Camões - Os Lusíadas

In 1572, Luís Vaz de Camões published his long-awaited poem, Os Lusíadas (The Lusiads), based on the hardships and adventures experienced by the great explorer, Vasco da Gama.

Considered a ground-breaking poem par excellence, it was the only work actually published during his lifetime and continues to be taught in schools and colleges up and down the country today.

With great grandeur and universality, Os Lusíadas serves to celebrate Portugal’s history in epic format. With closely structured but wonderfully fluid verse, it speaks for the modern world against the backdrop of his country’s vast empire stretching right across the globe.

What Portugal’s intrepid explorers achieved during the Age of Discovery is one of the great maritime wonders, a succession of admirable feats and astonishing achievements that helped drag the world out of the Middle Ages.

Inspired by classical literature but seasoned with a distinctly contemporary flavour, it consists of ten ‘cantos’ composed of eight-verse stanzas.

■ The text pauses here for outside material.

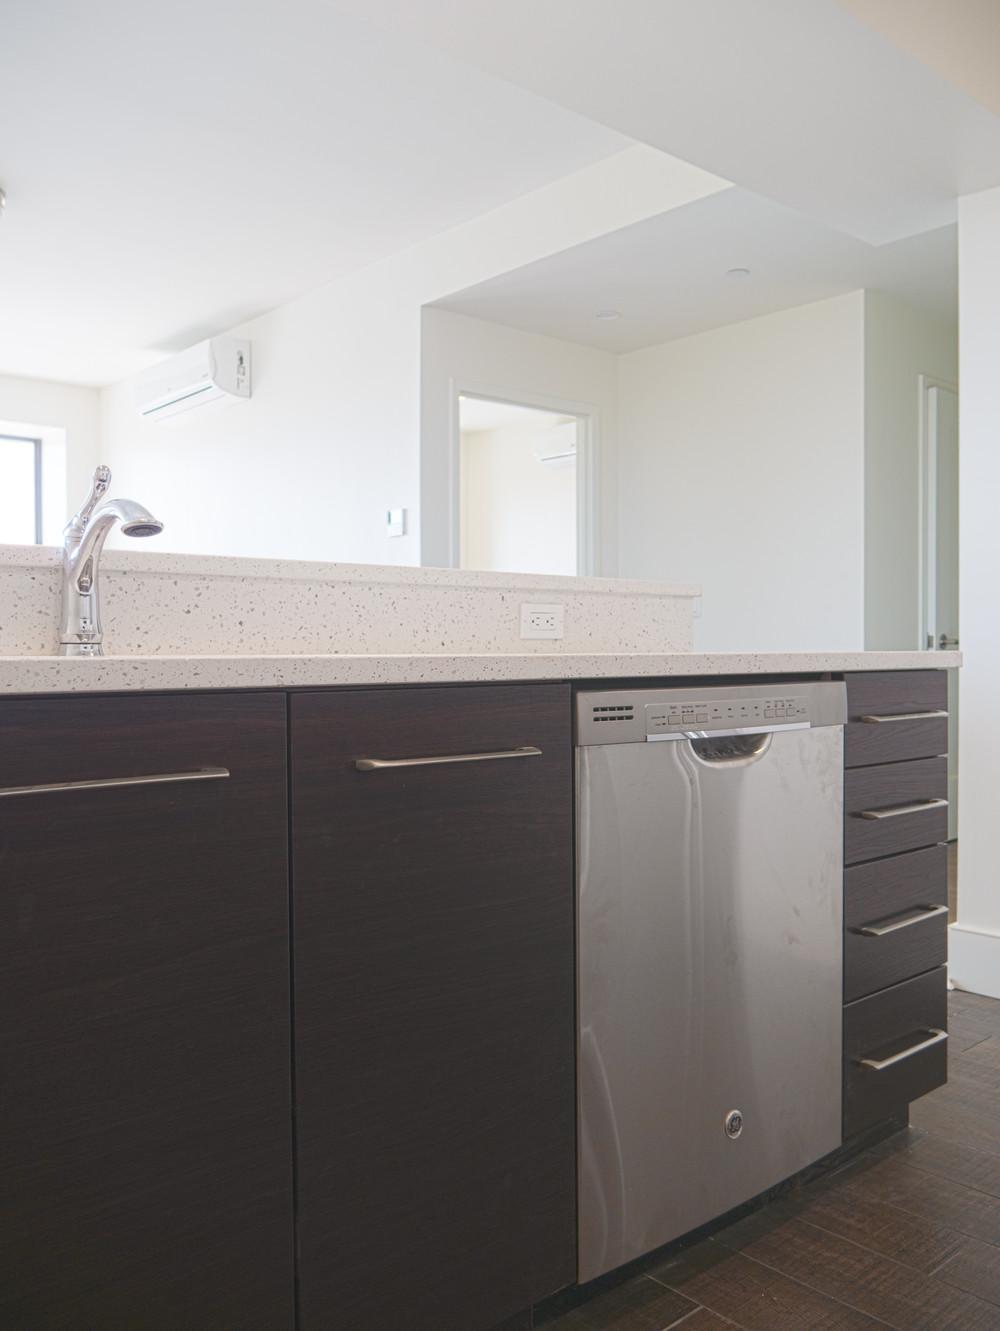 6 dishwasher.jpg

When Camões penned Os Lusíadas, Portugal ruled the seas and commanded a colossal empire that extended far beyond the Cape of Good Hope to the East Indies and the South China Sea, and many of the poem’s passages exude the pioneering spirit of Gama and his contemporaries;

‘So we ploughed our way through waters
Where none save Portuguese had ever sailed before.
To our left were the hills and towns of Morocco,
The abode once of the giant Antaeus;
Land to our right there was none for certain,
Though report spoke of it.
And now our course took us into regions and past islands
Already discovered by the great Prince Henrique.’

Having sailed extensively himself, his descriptions of the trials and tribulations undergone by Vasco da Gama and his crew at sea are stunningly vivid;

‘They now went sailing in the ocean vast,
Parting the snarling waves with crooked bills;
The whispering Zephyr breathed a gentle blast,
Which stealingly the spreading canvas fills.’

Gama’s voyage to India provided the poet with the perfect hero (protected by the goddess Venus and with Bacchus the feared adversary), but the perils that confronted the great explorer were extreme, especially in the turbulent waters around the Cape of Good Hope;

‘This know: as many ships as shall persevere
Boldly to make the voyage you make now,
Shall find this point their enemy for ever
With winds and tempests that no bound shall know.’

Camões himself lived a life of adventure beyond compare having succumbed to the lure of the sea at an early age.

Born in Lisbon in 1524 (presumedly), he was of middling height, thickset and full-faced. Lively and witty, he was a fluent conversationalist and enjoyed his bright college years at Coimbra University, one of the world’s oldest learning institutions.

As a young man he fought in Morocco and paid with the loss of an eye. He was later imprisoned in Lisbon for his part in a street fight before being released on condition that he served King João III in India.

He took part in military expeditions up the Malabar Coast and to the Red Sea and was again imprisoned before being struck down by illness in Mozambique and later shipwrecked on his way back from Goa. In 1556 he sailed much further east by way of Malacca and the Molucca Islands to Macau where a grotto now bears his name.

After the release of Os Lusíadas, his reputation began to spread but Camões died in relative poverty in Lisbon on the 10th of June 1580, the same year that Portugal lost its independence to neighbouring Spain.

To this day, Os Lusíadas remains a true product of its age, a pioneering portrayal of the Portuguese soul. A first edition of his epic poem is held in the library of Mafra Palace and his body rests at Jerónimos Monastery (indicated on the Google map below) in Belém, right opposite Vasco da Gama.